The American church is full of people who will never have the chance to love like this. The reason being, they have no enemies. The love they have for Jesus isn’t deep enough (or visible enough) to incense anybody, and, as a result, no one really opposes them. They get along with everyone. Nobody actually hates them, and, consequently, no one is truly loved by them. Christians in this way, aren’t much different than the world. They go on loving whoever they like, giving their life in small increments, only to those who love them in return. They don’t polarize like Paul and they don’t enrage people like Stephen. They’re nice. All men speak well of them, and Jesus doesn’t like it.
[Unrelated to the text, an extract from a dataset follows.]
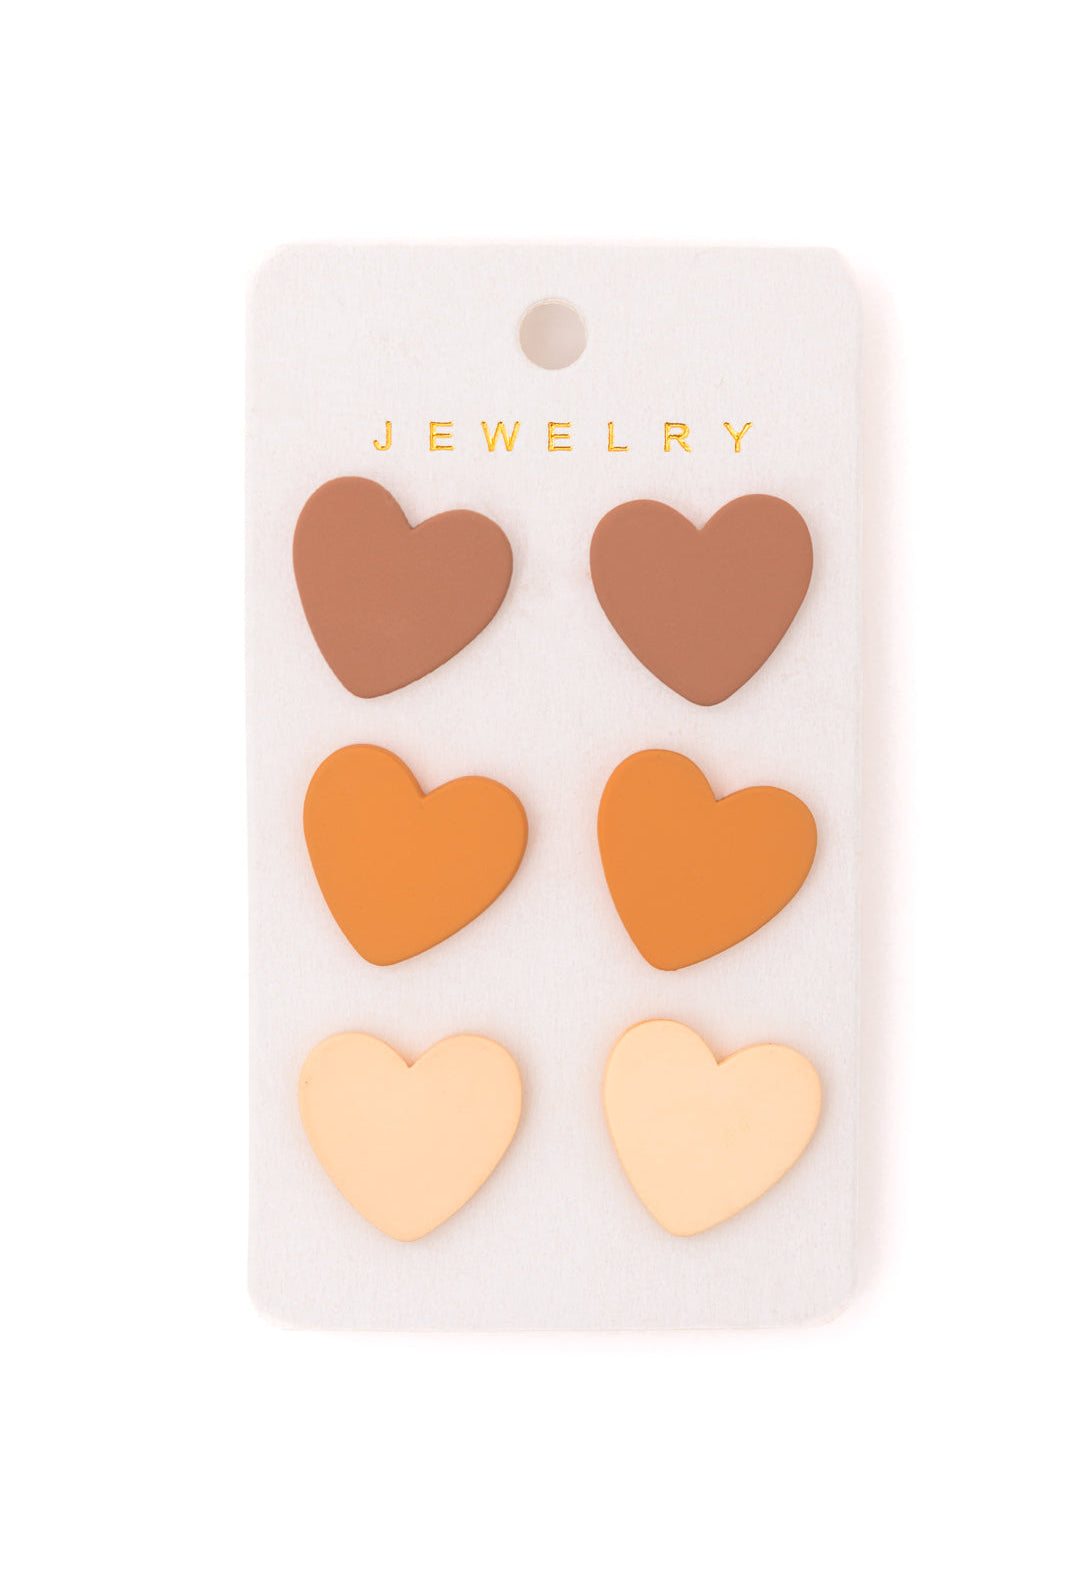 Triple Hearts Studs in Brown-Earrings-Krush Kandy, Women's Online Fashion Boutique Located in Phoenix, Arizona (Scottsdale Area)

A love so strong, it overpowers the natural instincts of self-interest, self-preservation, and pride…a love so precious, it’s fought to be kept

What would it take for us to love like the people we read about in Bibles & biographies? What do we need in order to live in a way that makes our love more than merely emotional, but visible, so that the whole world sees it, and “knows that we are Christ’s disciples”? Is love like this even possible for people like you and me, or is it only given to guys like Paul & James?
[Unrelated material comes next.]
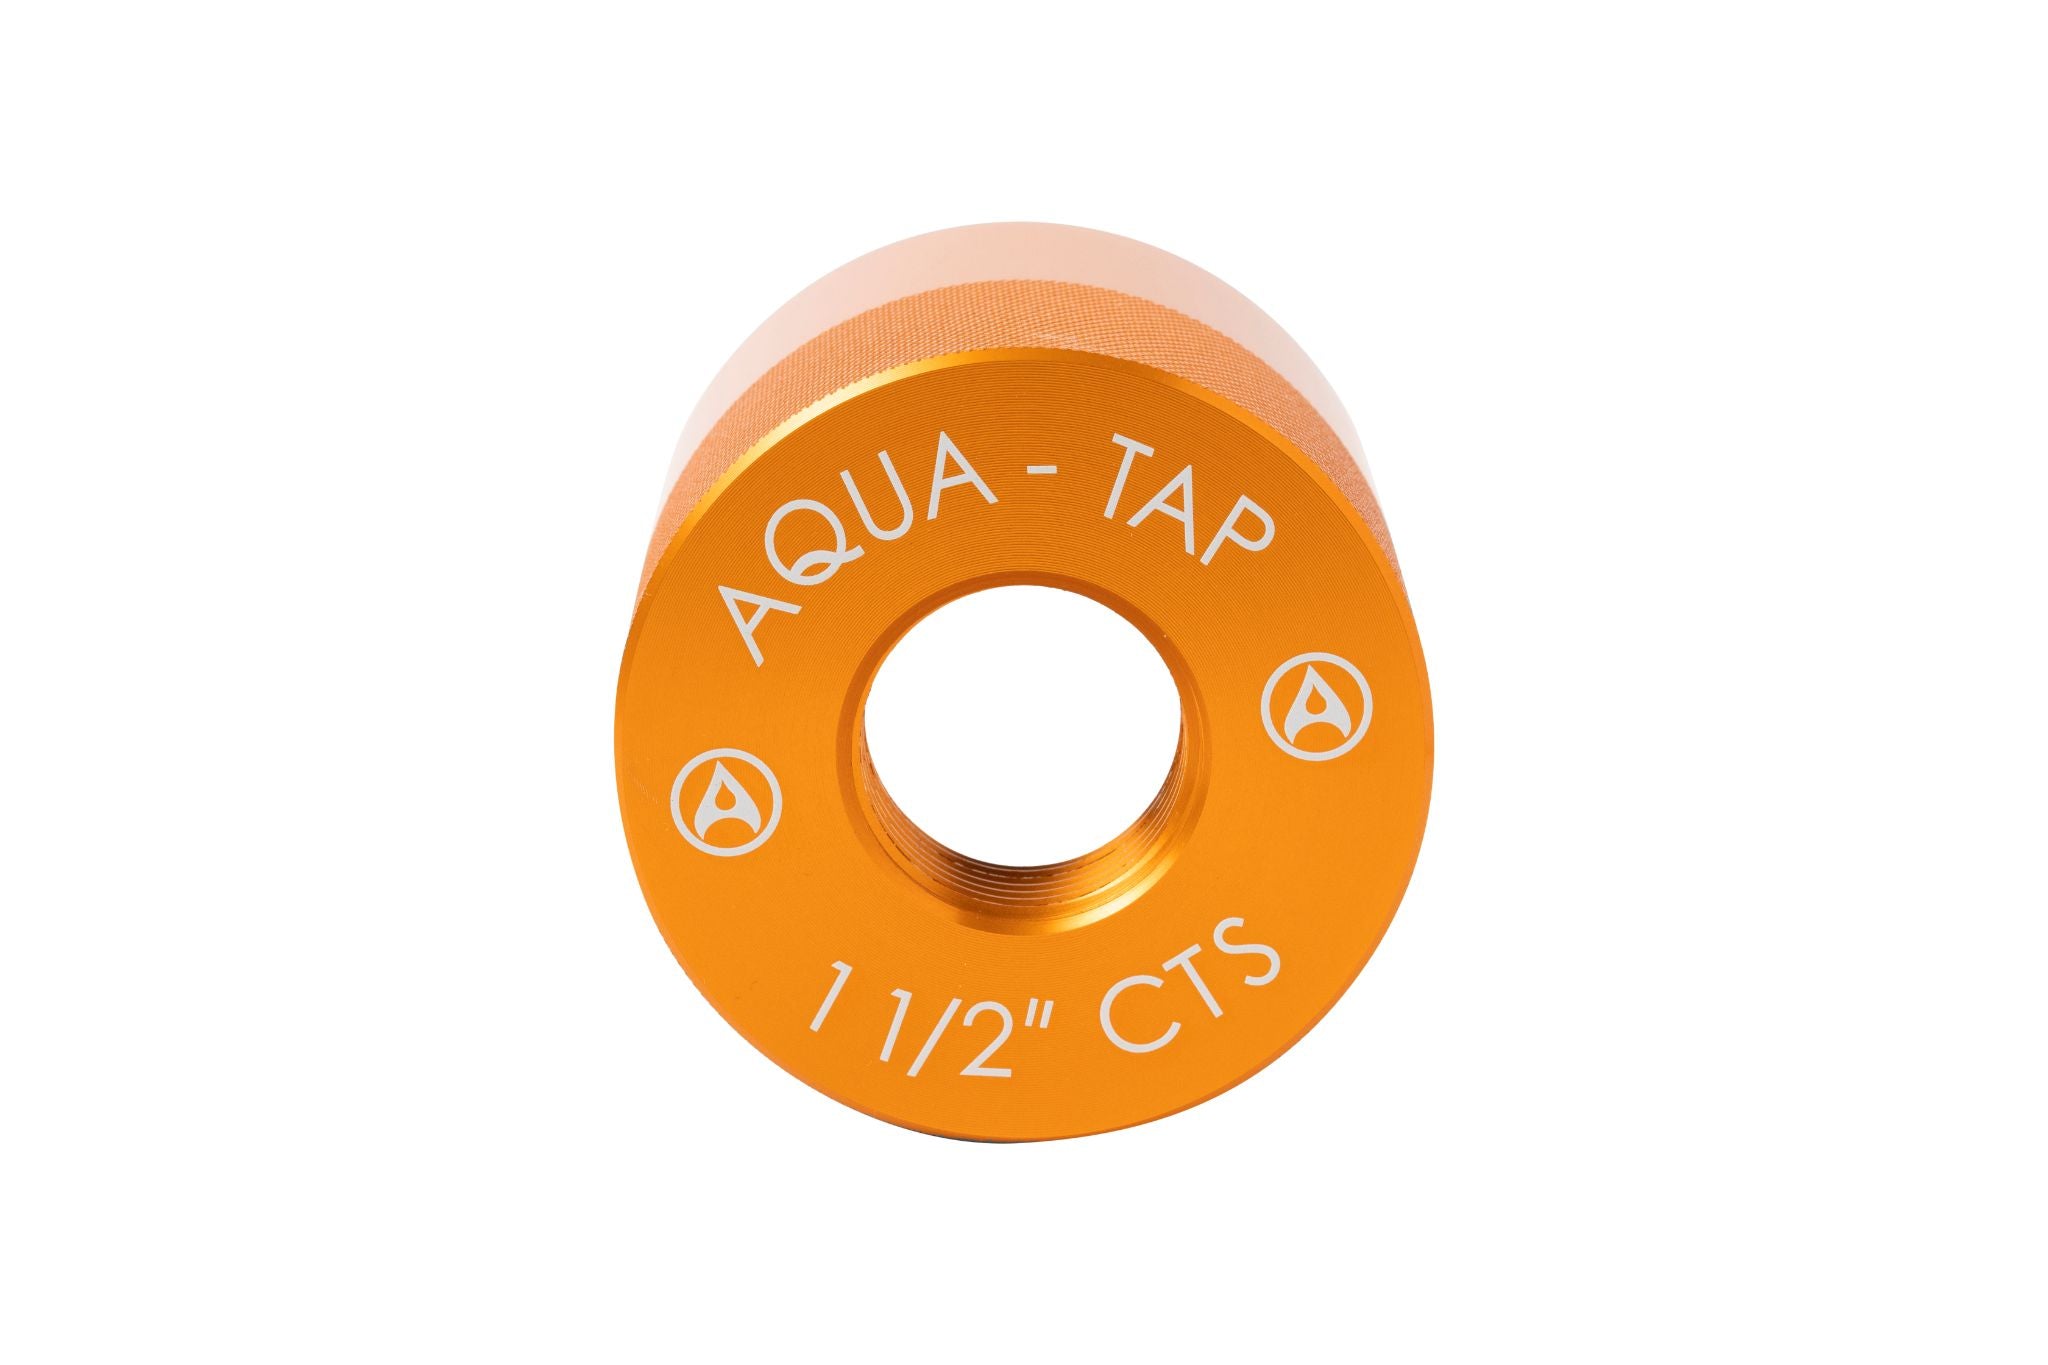 1-1/2" CTS Adapter - Aquatap

Be assured, it’s not God’s desire that love be withheld from anyone. He doesn’t have a limited supply from which He rations it out only to His favorites. Love like this is available to anybody, in great measure, but it comes at a cost. Real love is expensive. Very expensive. Love like this requires becoming the target of animosity & attack. It will mean suffering injustice, receiving opposition, & enduring persecution. And for that to happen, we’ll need the help of our enemies. We can’t do this without them. If you have no real enemies, it’s impossible to fulfill Christ’s command to love them. And if you only love Jesus secretly, you’ll never have any real enemies. This is where it all begins. Only when we’re hated by the world for our undying, undeniably visible love toward Christ will we have a chance to love like this.

Therefore: Love Jesus passionately, and love your enemies unflinchingly

(And don’t blame serotonin for what happens next).